Lillian Preece

Personal information
- Nationality: British (English)
- Born: 1 April 1928 Stockport, England
- Died: July 2004 Harare, Zimbabwe

Sport
- Sport: Swimming
- Strokes: freestyle
- Club: Wallasey

Medal record
Women's swimming
Representing Great Britain
European Championships
| Bronze medal – third place | 1947 Monte Carlo | 4×100 m freestyle |
Representing England
British Empire Games
| Bronze medal – third place | 1950 Auckland | 4×110 yd freestyle |

= Lillian Preece =

British swimmer (1928–2004)

Lillian Preece married name Parrington (1 April 1928 - July 2004) was a British swimmer. She competed at the 1948 Summer Olympics and the 1952 Summer Olympics.

== Biography ==
At the 1948 Olympic Games in London, she competed in the 100 metre freestyle and the 4 × 100 metre freestyle relay.

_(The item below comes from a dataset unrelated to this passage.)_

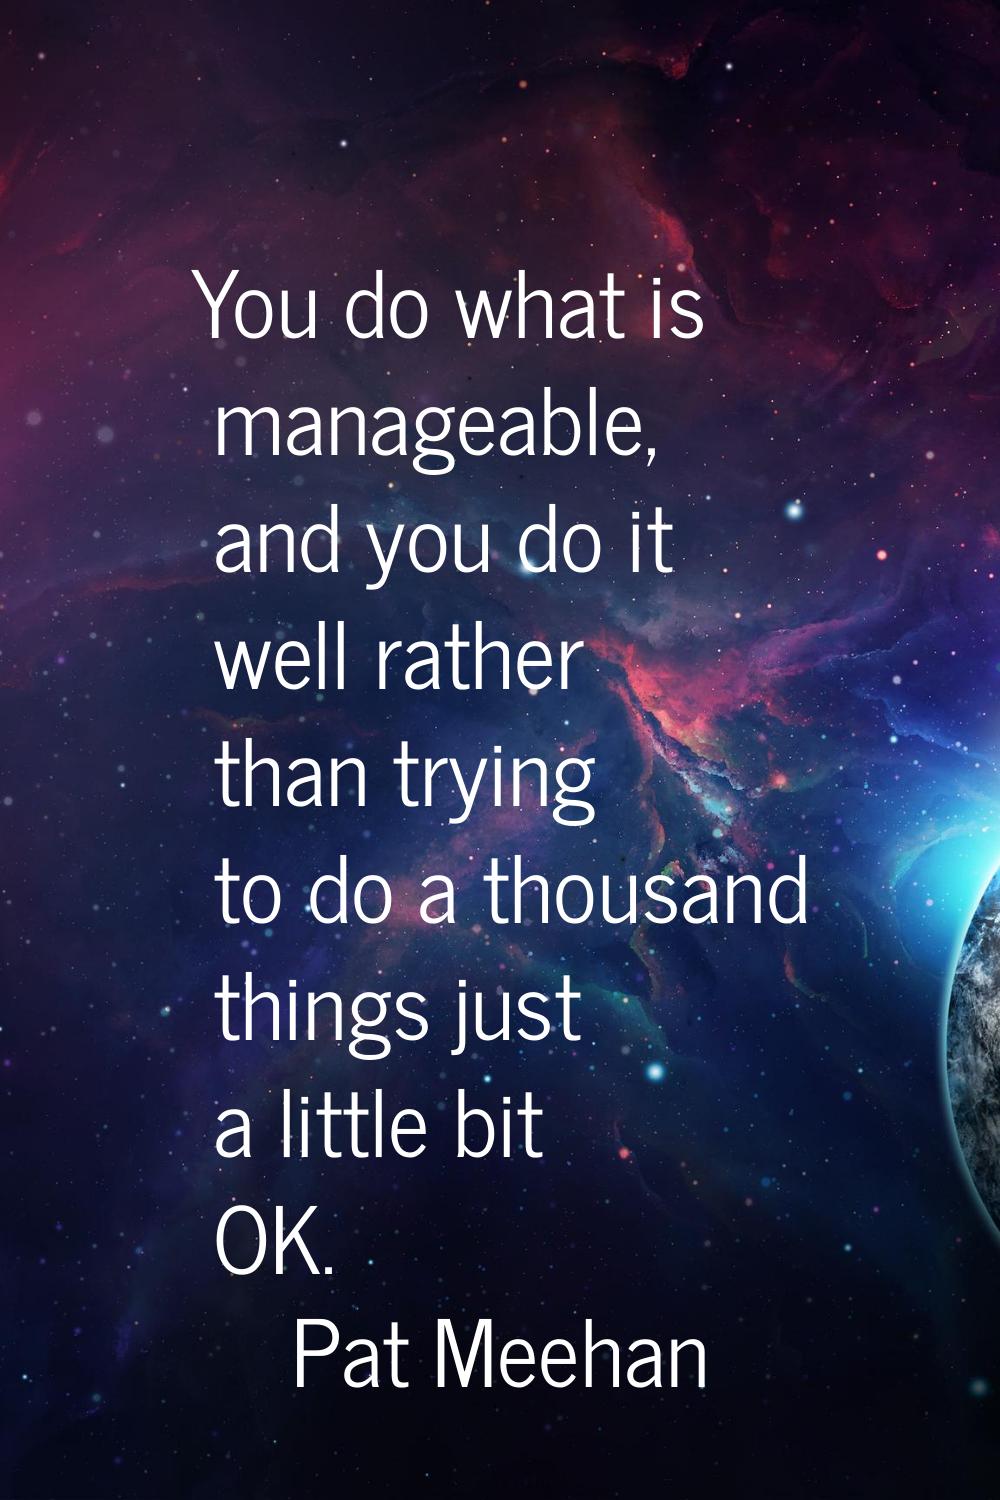 You do what is manageable, and you do it well rather than trying to do a thousand things just a lit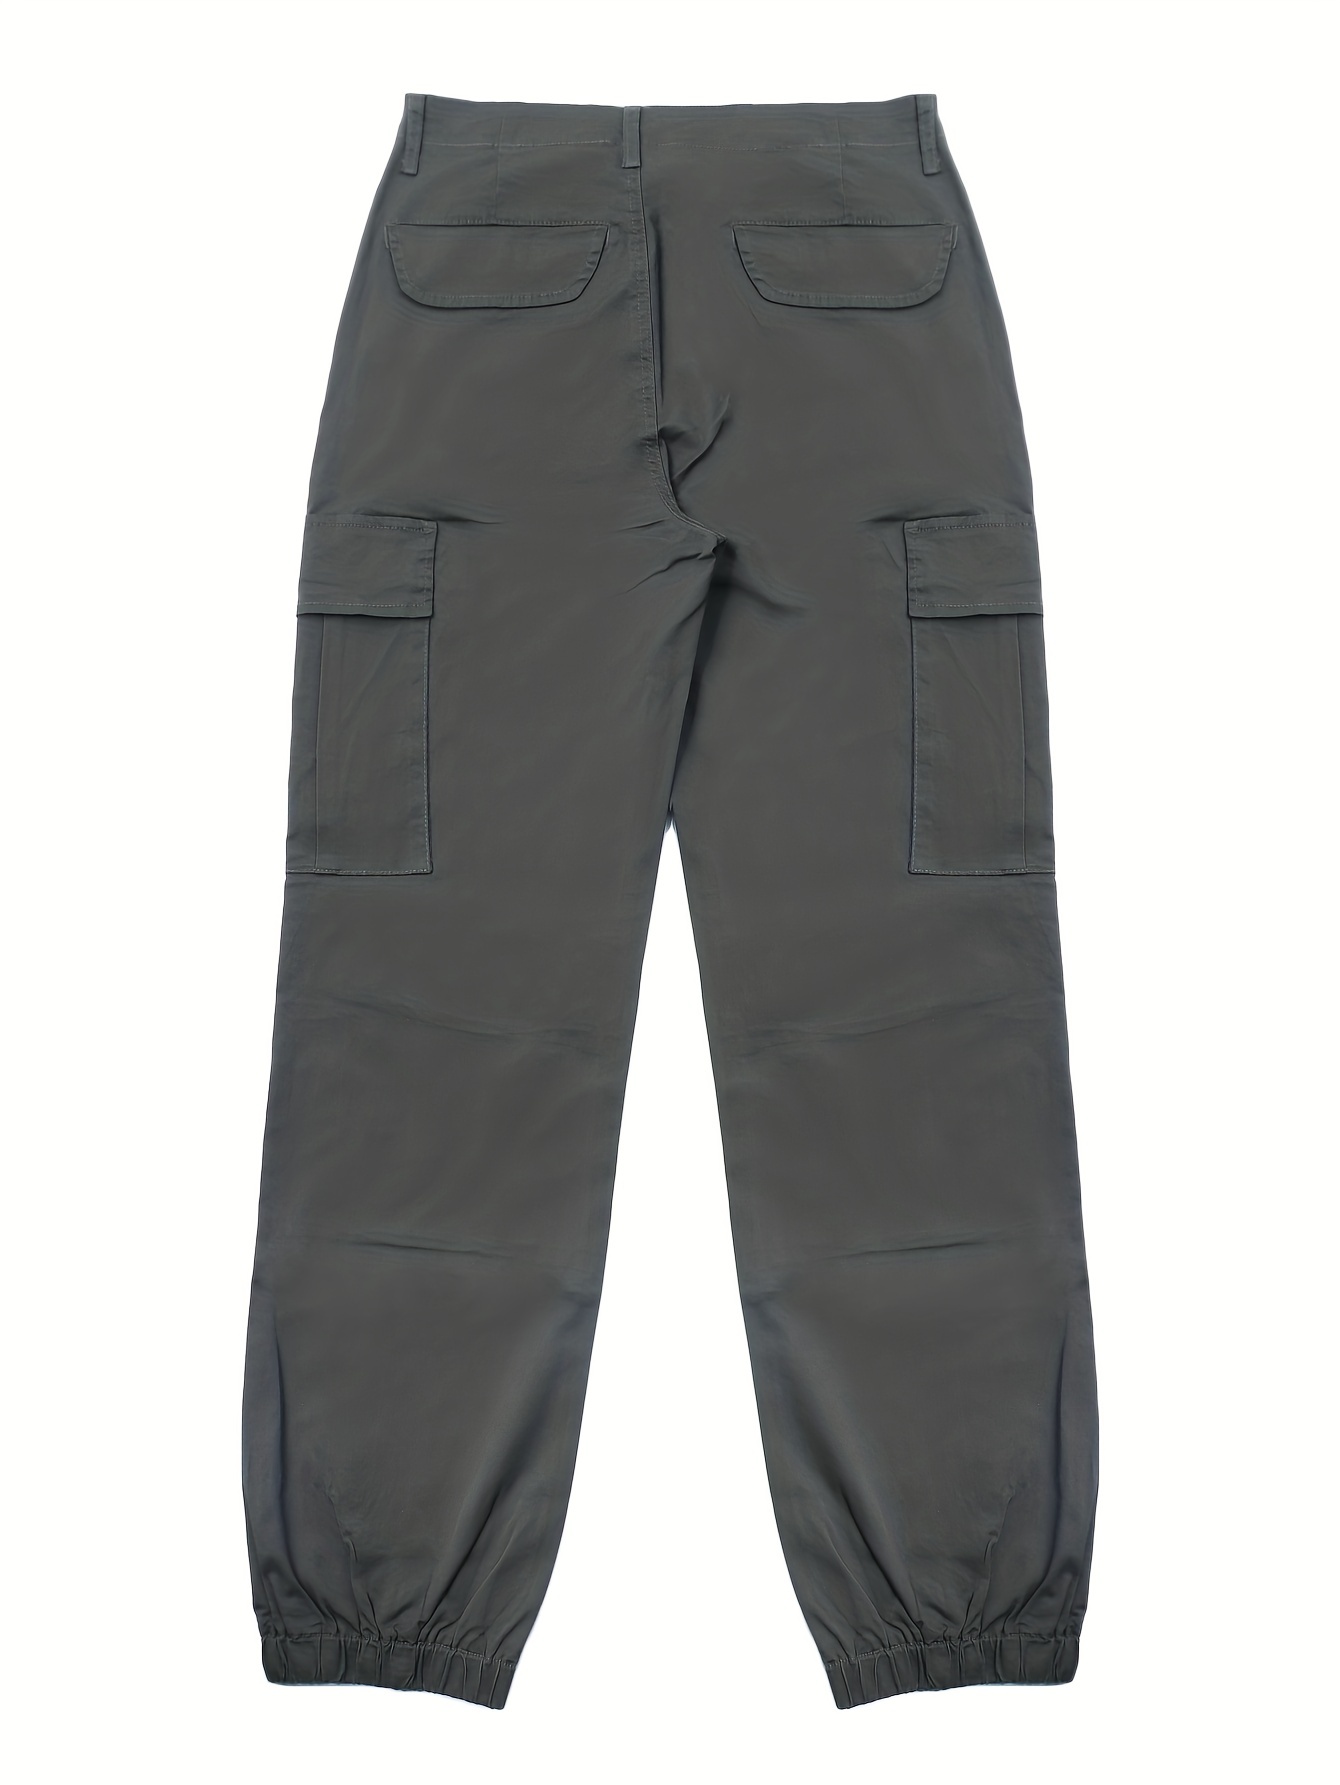 Solid Baggy Pants Pockets Full Length Casual Streetwear Trousers

She represented the English team at the 1950 British Empire Games in Auckland, New Zealand, where she won the bronze medal in the 440 Yard freestyle relay.

She won the 1952 ASA National Championship 220 yards freestyle title.

At the 1952 Olympic Games in Helsinki, she competed in three events; the 100 metre freestyle, 400 metre freestyle and the 4 × 100 metre freestyle relay.